Штрихи к портрету современника, у которого с детства и по сей день я учился и продолжаю учиться жизни - страница 12



Исключительная преданность науке и честность для него были обязательны. Хорошо помню, как вначале «открытая» Б.В. Дерягиным «новая тяжелая» вода вызвала у А.Н. Фрумкина интерес. Он предлагал Дерягину, чтобы снять подозрения о связи эффектов «новой тяжелой» с загрязнениями, использовать воду высшей чистоты, которую умели получать в институте электрохимии. Тот считал это излишним. Я спросил Александра Наумовича, что он по этому поводу думает, и услышал:

– Есть два типа ученых. Одни ставят все новые и новые опыты, подтверждающие обнаруженный эффект и правильность его объяснения, довольствуются этим и не хотят ставить опыты, которые могли бы противоречить предложенному объяснению и, тем самым, опровергнуть его. Другие в первую очередь ставят опыты, которые могли бы опровергнуть предлагаемое объяснение с тем, чтобы убедиться – опровергнуть его невозможно и, следовательно, оно верно.

И добавил:

– К сожалению, Дерягин относится к первому.

Он читал, обсуждал и правил статьи сотрудников, но никогда не включал себя в число соавторов, несмотря на их просьбы, если в работе не было его существенного личного вклада. Его ученик Л.И. Кришталик на всю жизнь запомнил фразу, которую произнес Александр Наумович в ответ на его просьбу быть соавтором рассматриваемой работы: «Лев Исаевич, среди многих моих недостатков нет одного – я не подписываю чужие работы». Вспомним директора Института нефтехимического синтеза академика А.В. Топчиева, в библиографии которого насчитывается более 650 работ. Он подписывал все работы сотрудников института, даже не читая их, а зачастую, и не будучи знакомым с их авторами.

П.А. Ребиндер как-то с пафосом произнес:

– Фрумкин, конечно, первый физикохимик в СССР, а может быть, и во всем мире.

Александр Наумович первым физикохимиком считал Н.Н. Семенова, хотя и знал себе цену. Впрочем, просмотрев программу кандидатского экзамена по физической химии, который мне предстояло сдавать, он сказал; «Сейчас я ни за что не сдал бы экзамена по этой программе». Он не лукавил. Просто та глубина, с которой по его мнению следовало знать записанное в этой программе, вообще делала невозможным её освоение на уровне, достигнутом современной наукой.

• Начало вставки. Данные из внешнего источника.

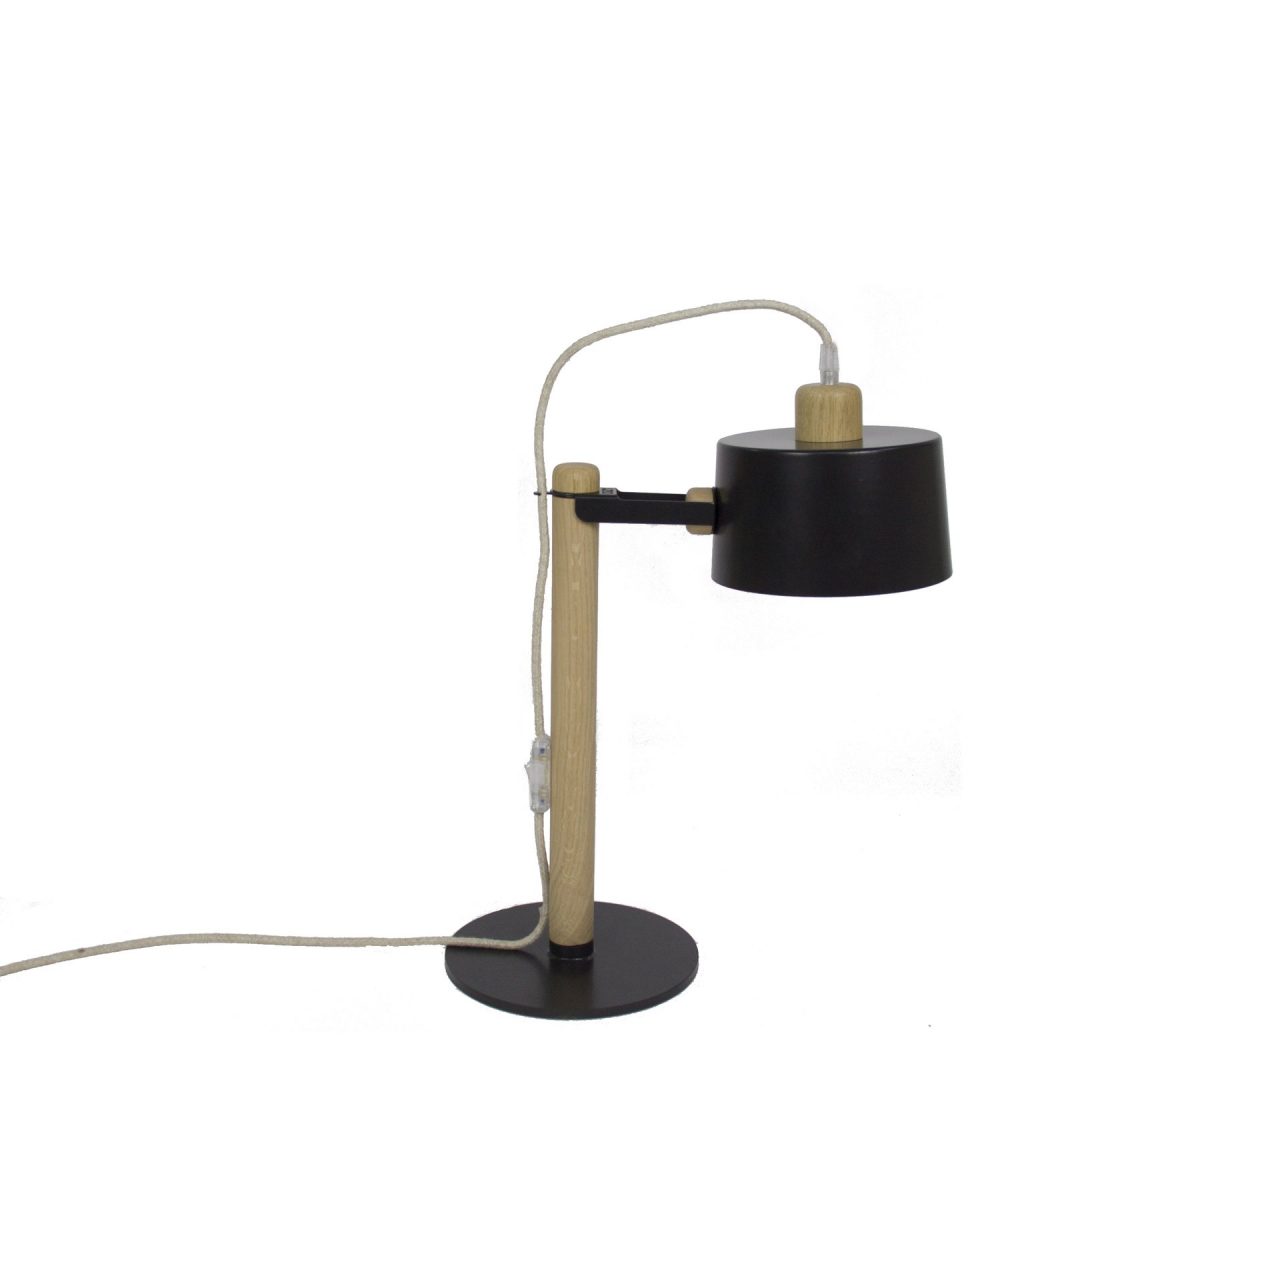 Lampe - lampe de bureau - lampe de chevet. Fabrication française.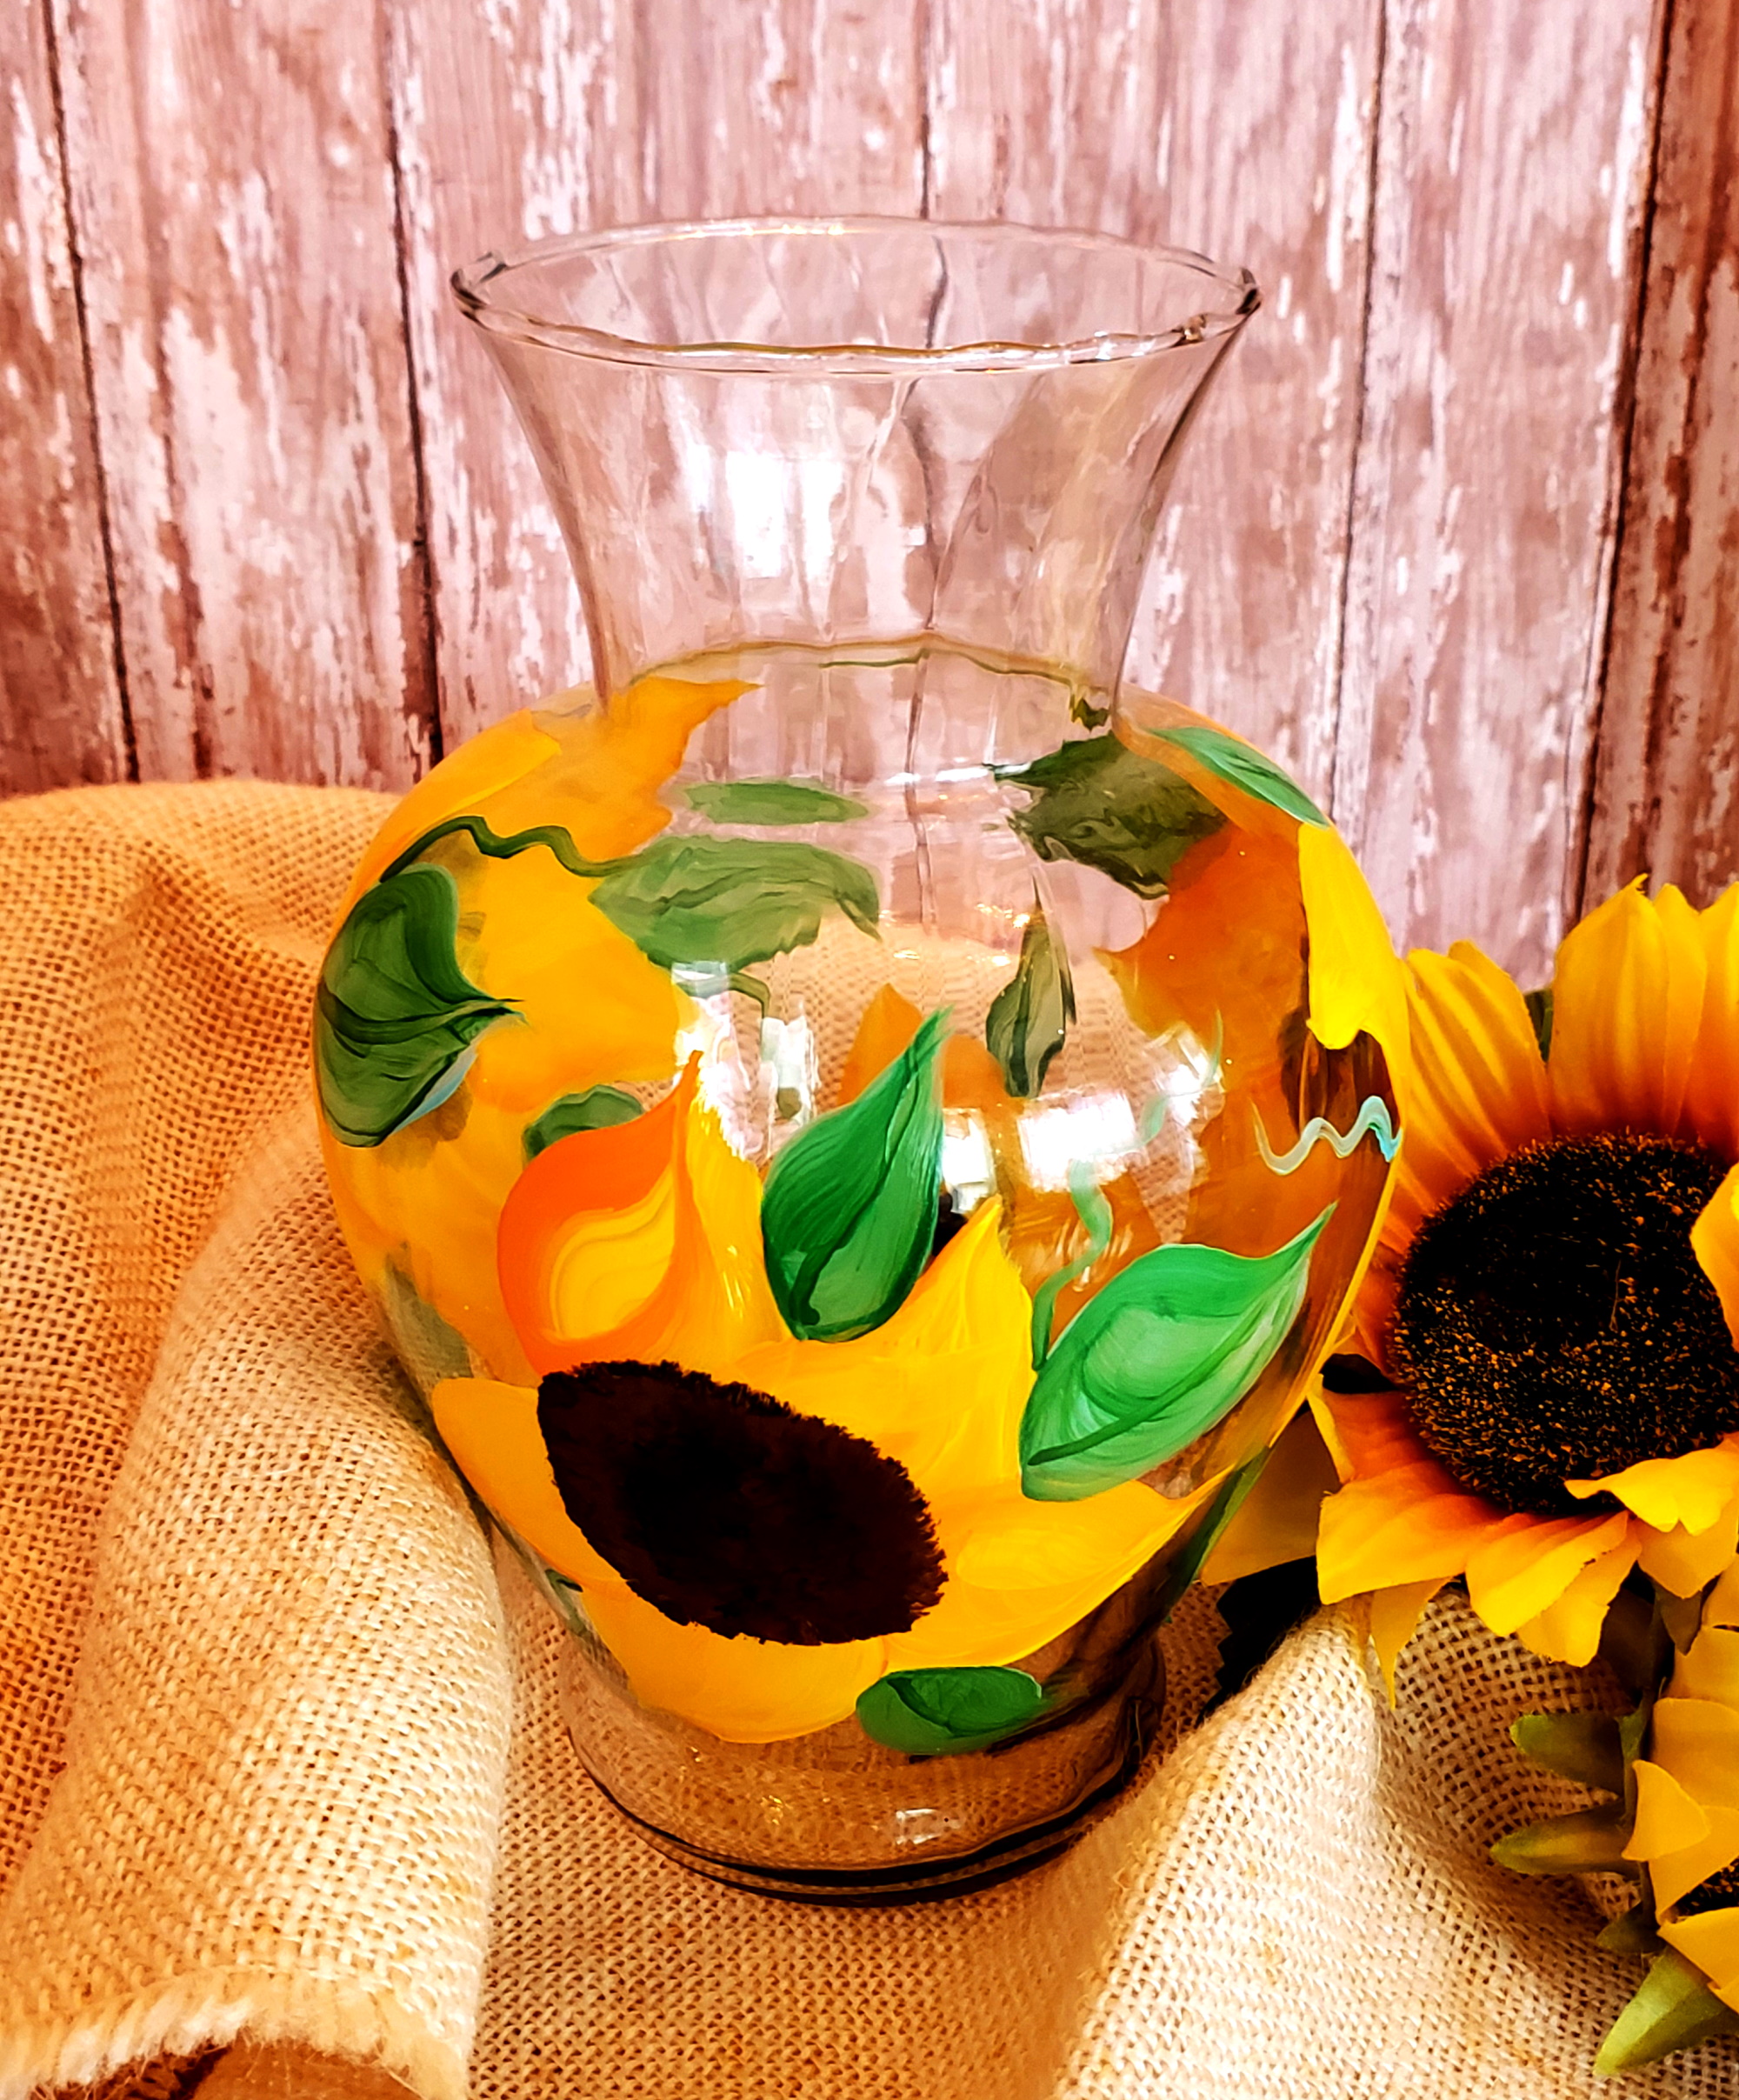 Glass Flowers - Sunflowers

Я сдал экзамен, а после привел слова Фрумкина заведующему кафедрой физической химии в Военной академии химической защиты С.И. Скляренко. Он задумался и что-то пробормотал про себя. Я не расслышал.

Обстоятельность, вернее основательность были характерны для него при решении любого вопроса, организационного, человеческого, не только научного. Когда В.И. Спицын очищал российскую науку от евреев, я, оказавшись в числе других восьми уволенных из Института физической химии, обсуждал ситуацию с Александром Наумовичем. И тут я впервые понял, что мудрые люди вопросы человеческого бытия решают так же, как шахматисты за доской, когда обдумывают сложившуюся позицию. Прежде, чем принять решение и сделать какой-то шаг (беседа с противостоящей стороной, новая аргументация, компромисс, заявление, жалоба, обращение за помощью к третьему сильному и т. д.), вы должны просчитать возможные ответы противостоящей стороны и, соответственно, ваши дальнейшие действия в каждом случае и далее, и далее, и далее. Фрумкин владел этой игрой в жизнь. Он интересовался политикой, хорошо понимал ситуацию в стране, всегда спрашивал, какие политические новости я услышал от своего брата, известного диссидента, Юры Шихановича, рассказывал о своих беседах с главным уполномоченным Комитета госбезопасности по Академии. Тот произвел на него впечатление умного, всё понимающего и не обремененного идеологическими формальностями человека. Интересен в связи с этим эпизод, случившийся после празднования пятидесятилетия профессора В.С. Багоцкого у него дома. Жена Багоцкого и его дочь сочинили поэму о двух Володях (Сергеиче и Ильиче) и их путях в жизни. Сопоставление было, мягко говоря, острым. На следующий день Александр Наумович пригласил Багоцкого к себе в кабинет и спросил: «Не слишком ли рискованным было чтение этой остроумной поэмы?». Багоцкий ответил, что опасаться нечего, были только свои. И тогда Фрумкин рассказал ему анекдот.